[Dataset entries]
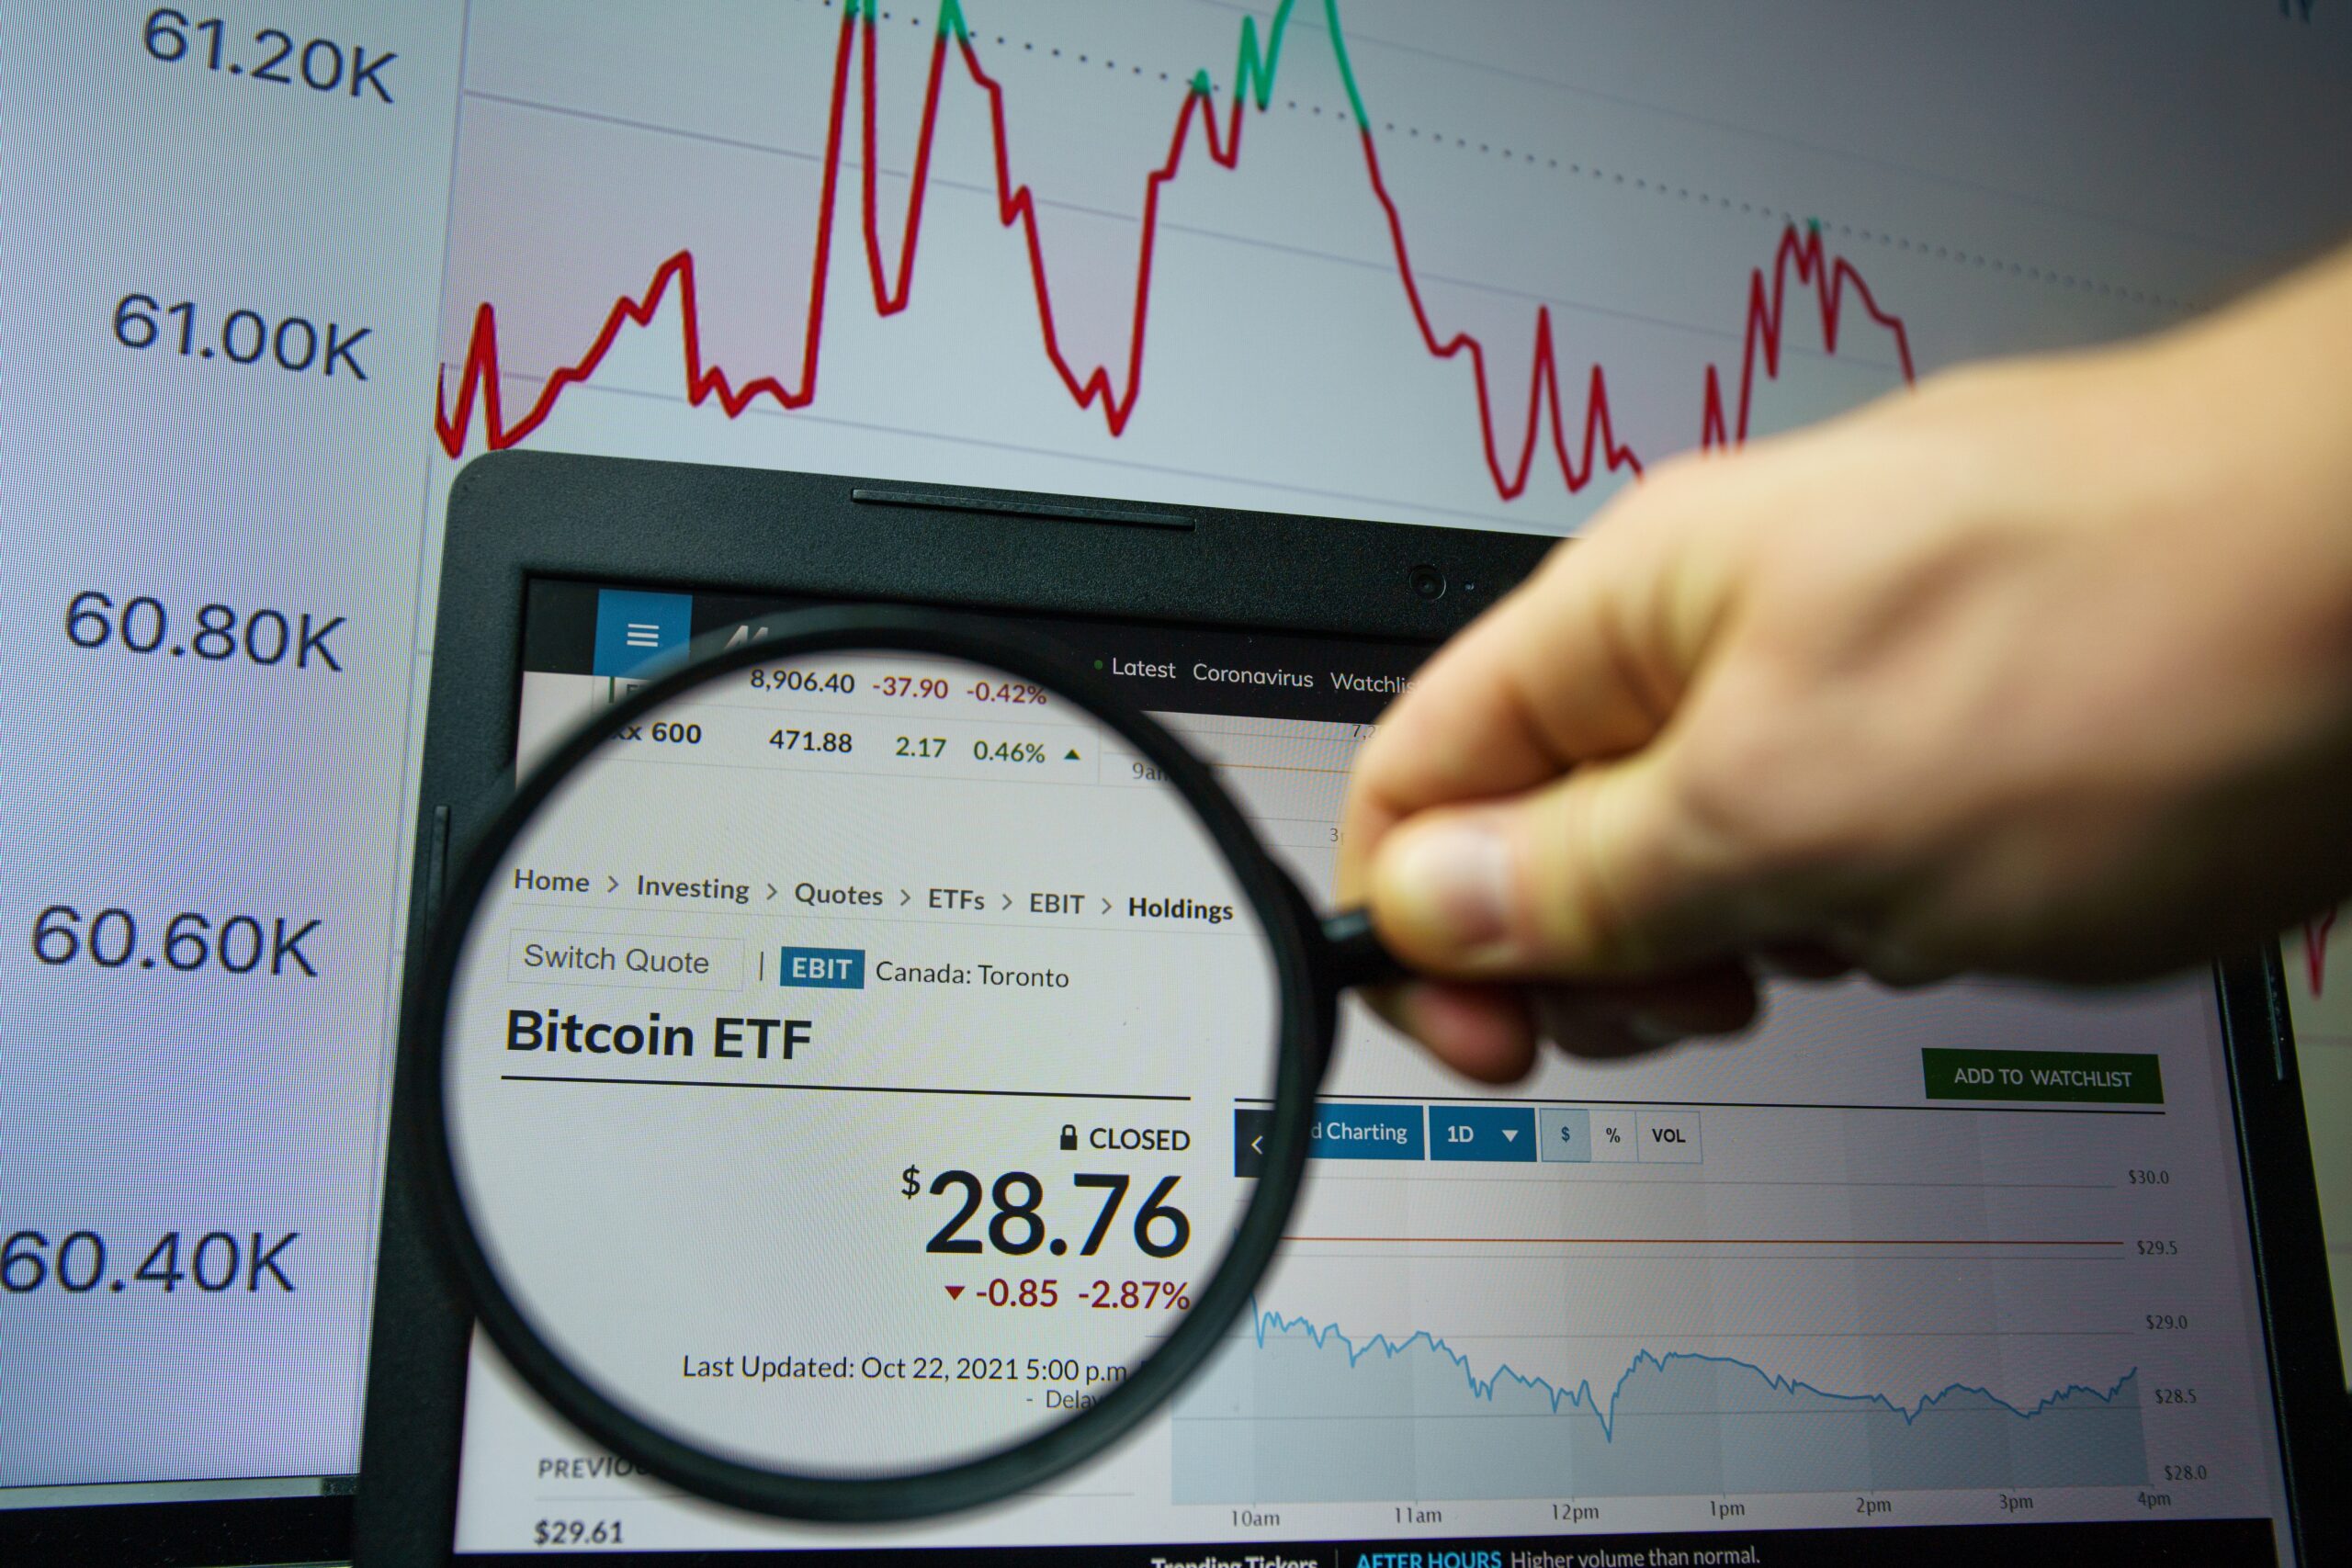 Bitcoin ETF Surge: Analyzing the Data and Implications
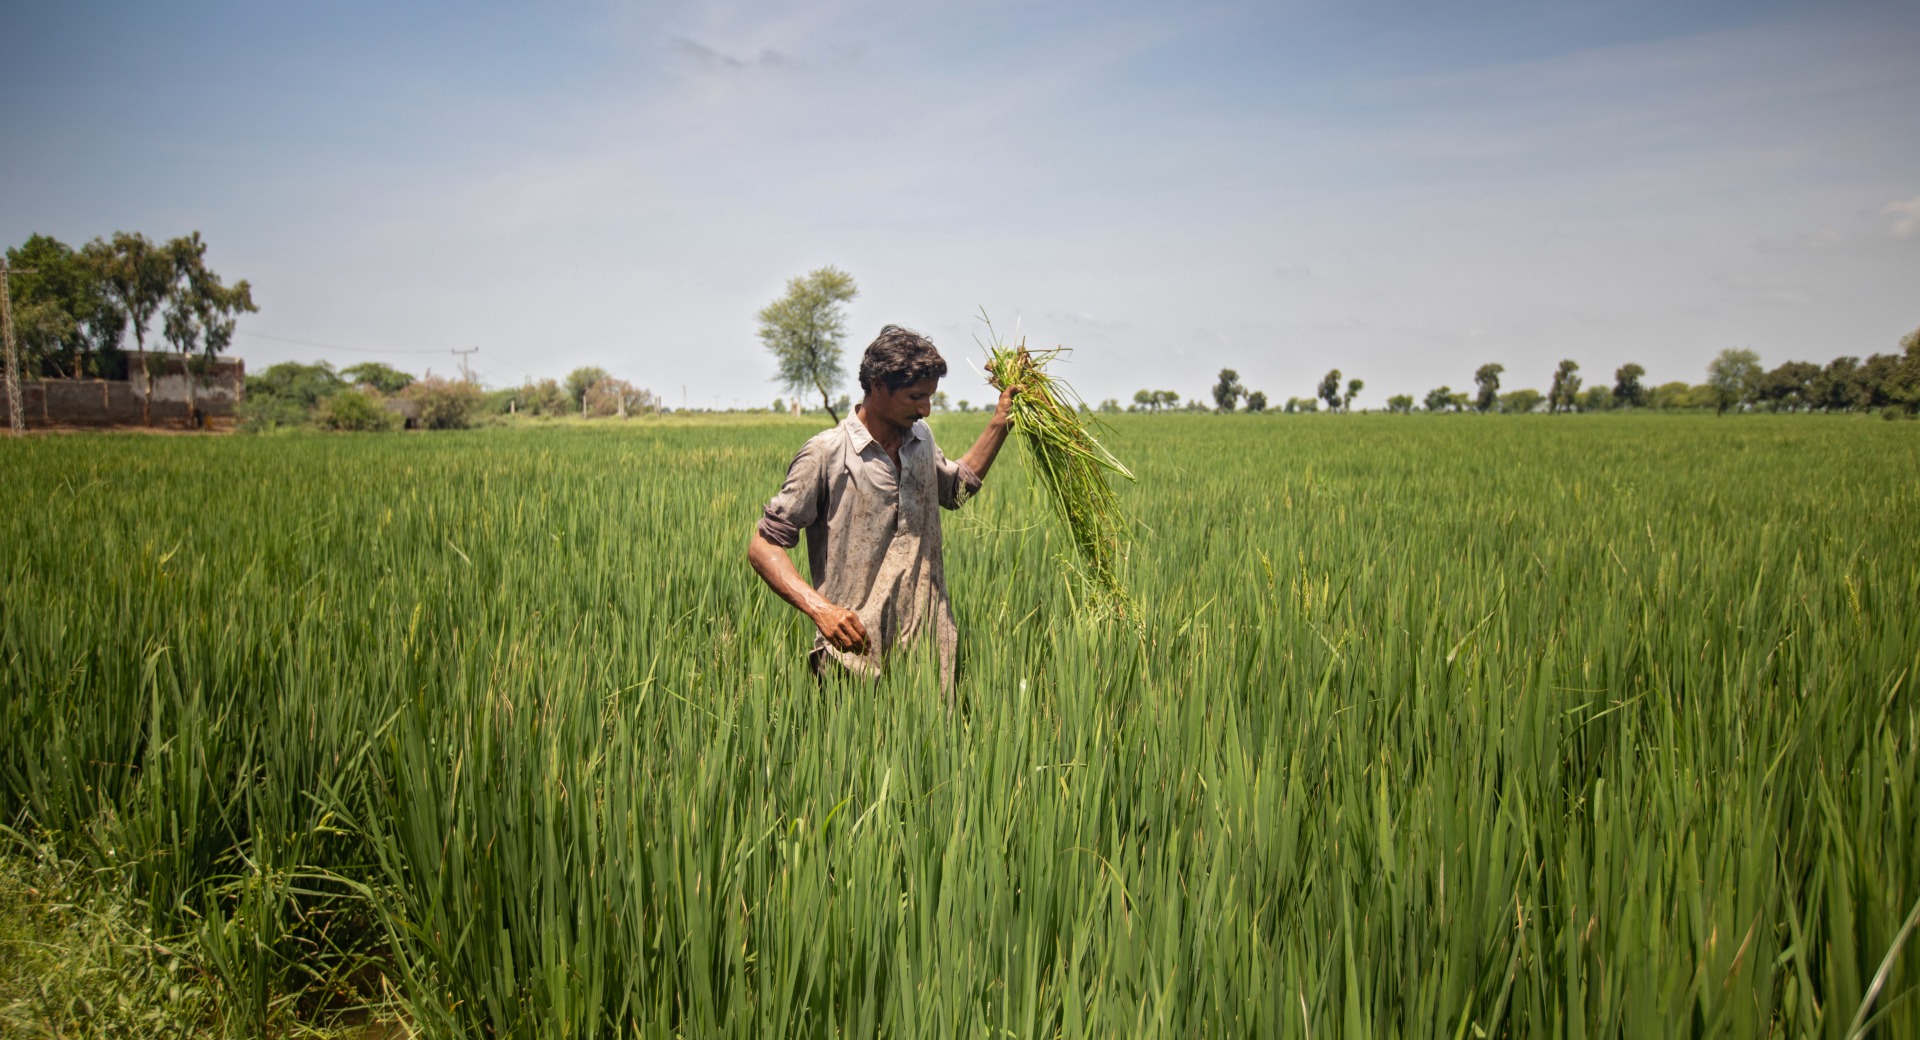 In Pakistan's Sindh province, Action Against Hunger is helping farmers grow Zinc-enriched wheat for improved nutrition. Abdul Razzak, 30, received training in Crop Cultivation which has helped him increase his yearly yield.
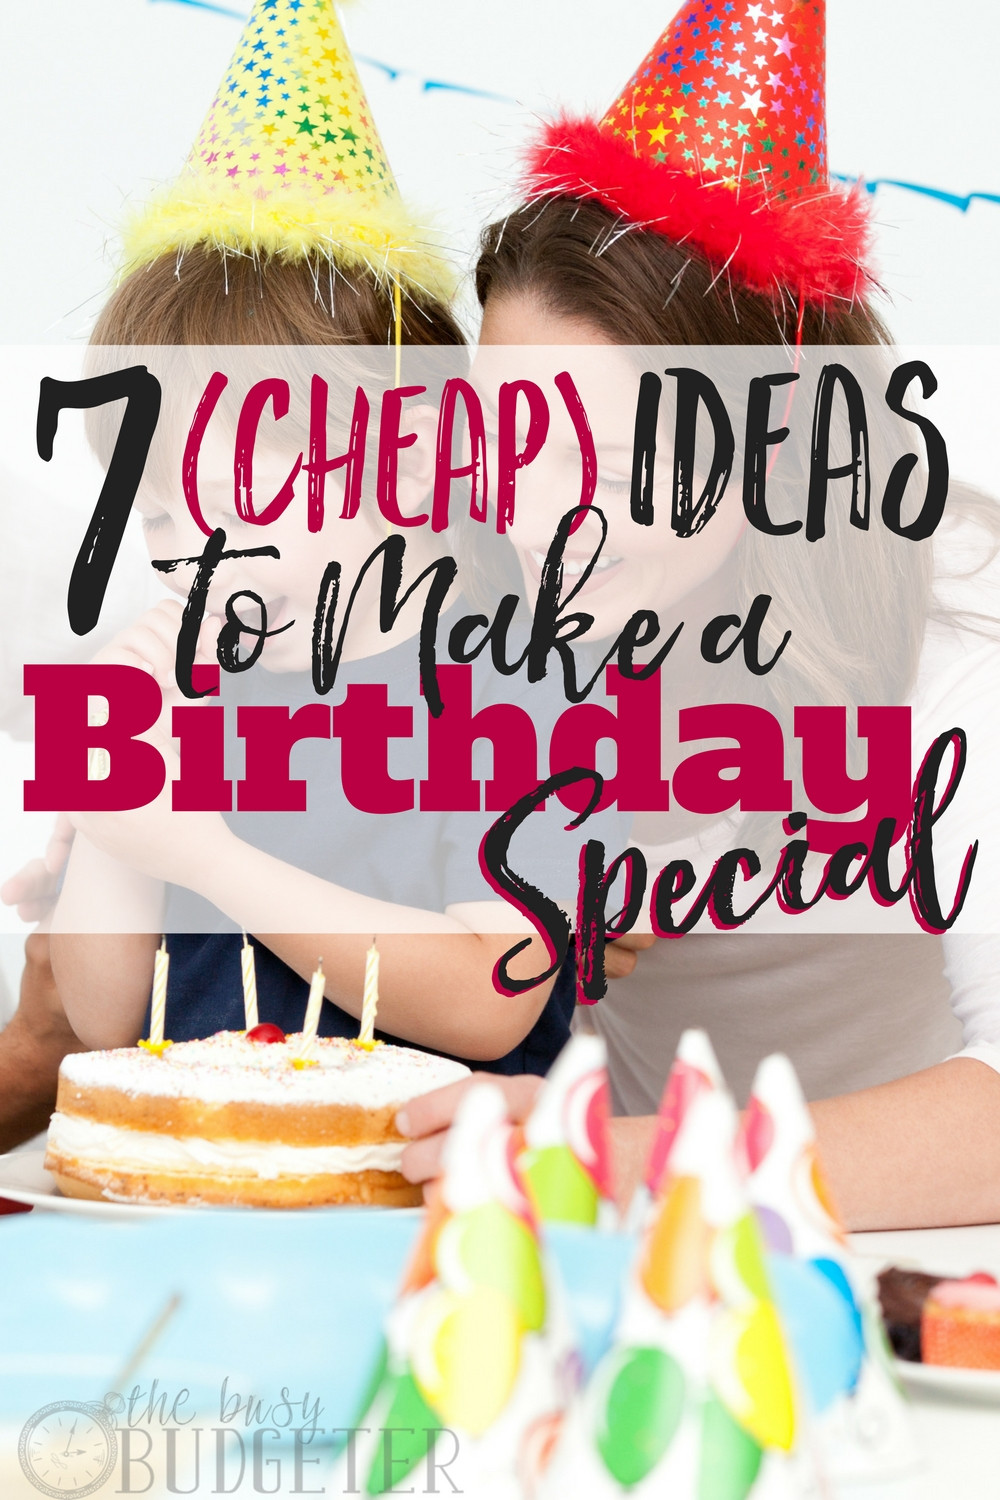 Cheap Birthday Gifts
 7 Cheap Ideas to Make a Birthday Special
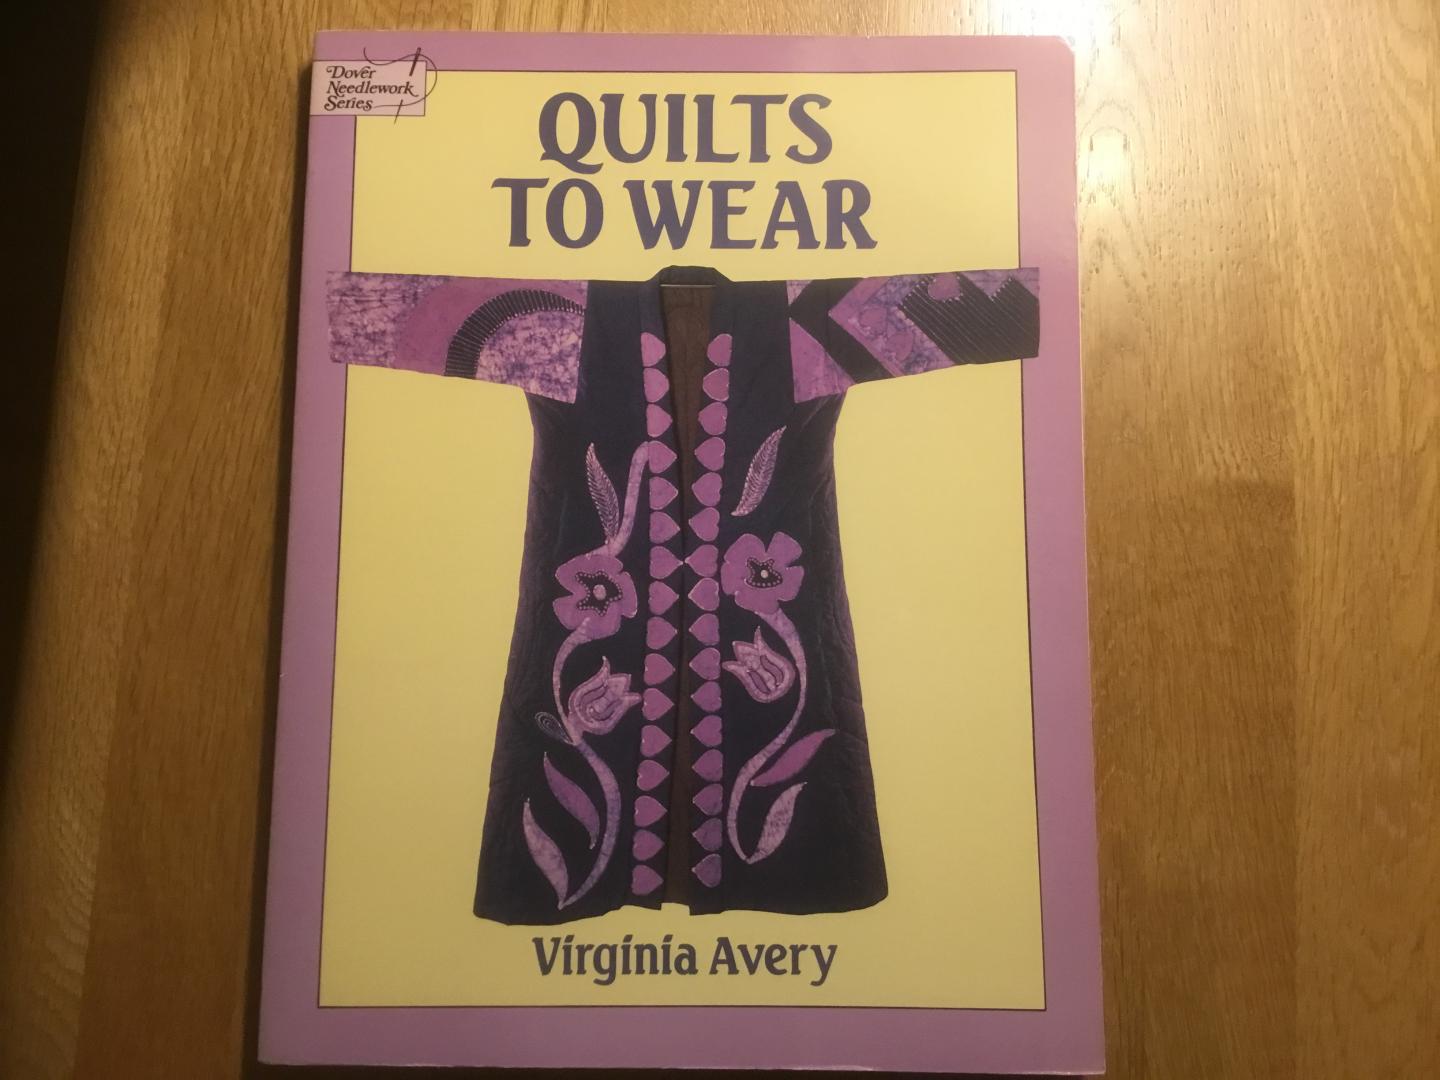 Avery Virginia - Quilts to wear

__EXERCISE DETAILS__: From the line with "7 Cheap Ideas to Make a Birthday Special" down to the final line of the entries above, repeat each line exactly; omit the pictures.

__EXERCISE ANSWER__:
 7 Cheap Ideas to Make a Birthday Special
 Avery Virginia - Quilts to wear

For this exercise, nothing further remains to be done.